Polly Toynbee writes today that it would be a mistake for the next Labour leader to ditch the party’s most recent policies.
In her view, the party lost the election not because of its policies but because of its reputation and leader.
If that were the case, the party could win the next election with similar policies – so long as it addressed its other weaknesses.
But can you separate the policies from Labour’s weaknesses? That is, did Labour lose because of its policies or despite them?
A recent GQR poll for the TUC looks at these questions – but appears to give contradictory answers.
The poll unmistakably shows that the gap in perceived economic competence was crucial. It was the biggest factor helping the Tories (the top two reasons for voting Tory were that the economy was recovering, and the deficit was being cut); and hurting Labour (the top reason for not voting Labour was that they couldn’t be trusted with the economy).
And only 1 in 4 respondents think Labour had a good track record in government, compared with 1 in 2 for the Tories.
Popular policies
But, it also suggests that many of Labour’s policies were popular.
Labour made the NHS a major part of its campaign.
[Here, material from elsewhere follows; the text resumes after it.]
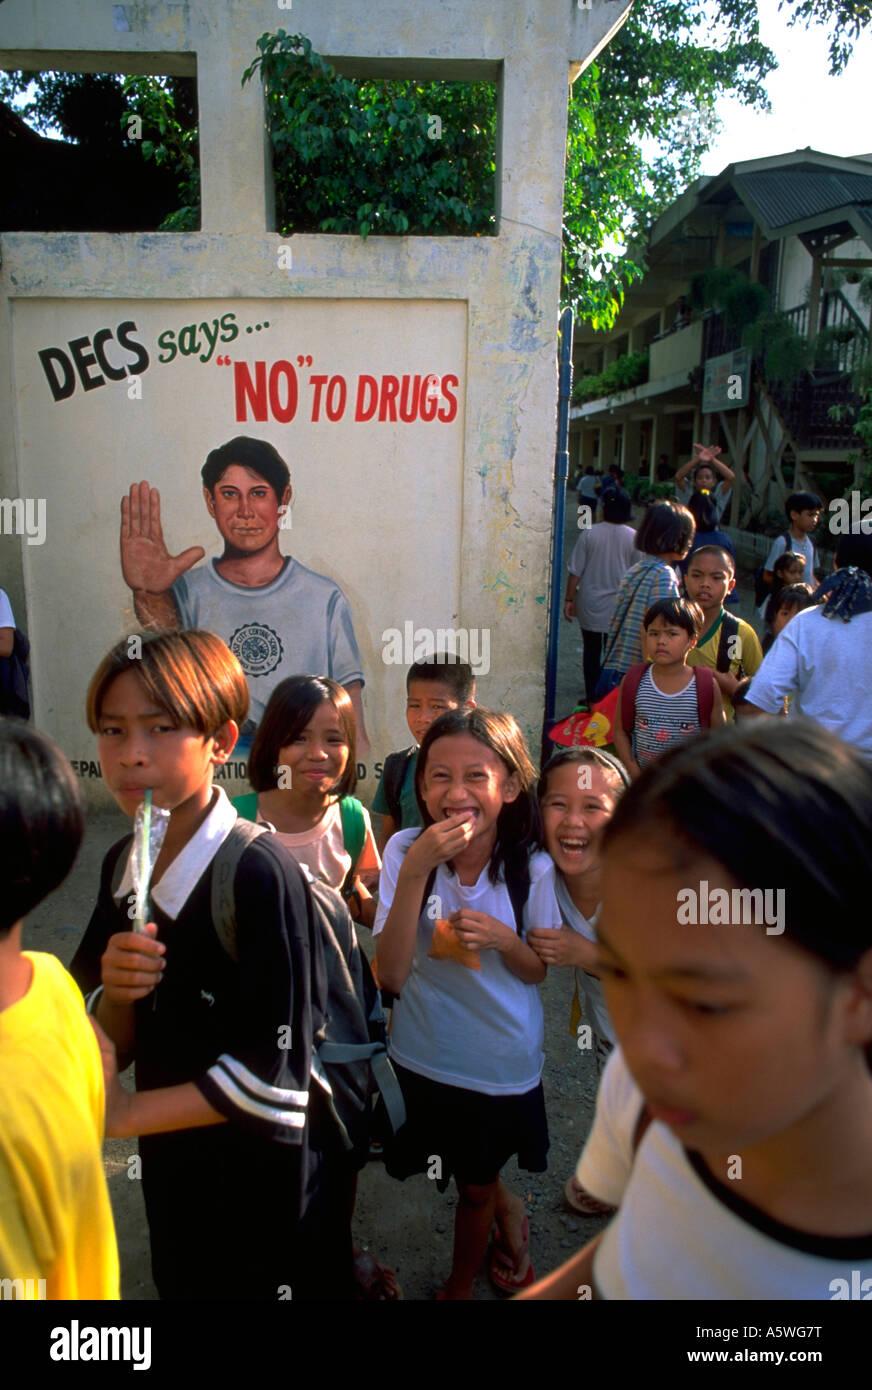 Painet hl0226 school children kids oro cagayon mindinao philippines l'adolescence drogue wonder rire l'éducation Photo Stock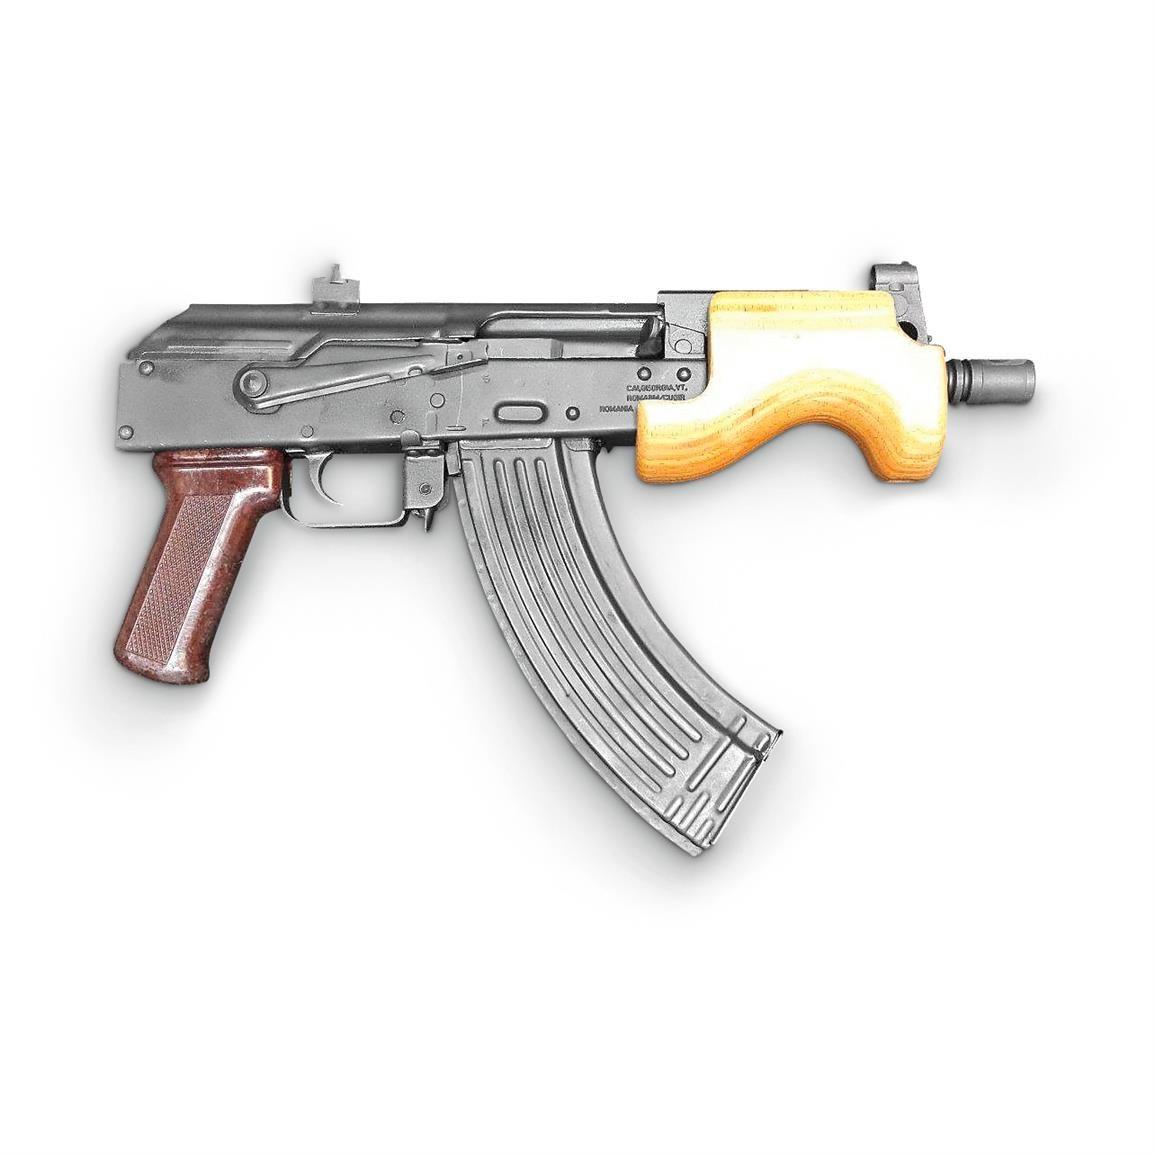 Family AK47 M16 SMG USA Shirt2nd Amendment American Guns Hoodie

It was the issue that respondents – including people Labour lost from 2010 to 2015: ‘Lost Labour’ – say most determined their vote, out of 13 tested. The poll also found Labour had a 57pt lead over the Tories on the NHS among Lost Labour.
And Labour’s economic policies seem to have been popular.
By comfortable majorities, voters – and particularly Lost Labour – say Labour should prioritise people in poverty over those on middle incomes; should be tougher on banks; should increase taxes on the rich; and should cut public spending more slowly.
The poll found strong support for each of the economically populist policies it tested: increasing the minimum wage and pensions, banning zero-hour contracts, cracking down on tax evasion by the rich, and building more houses.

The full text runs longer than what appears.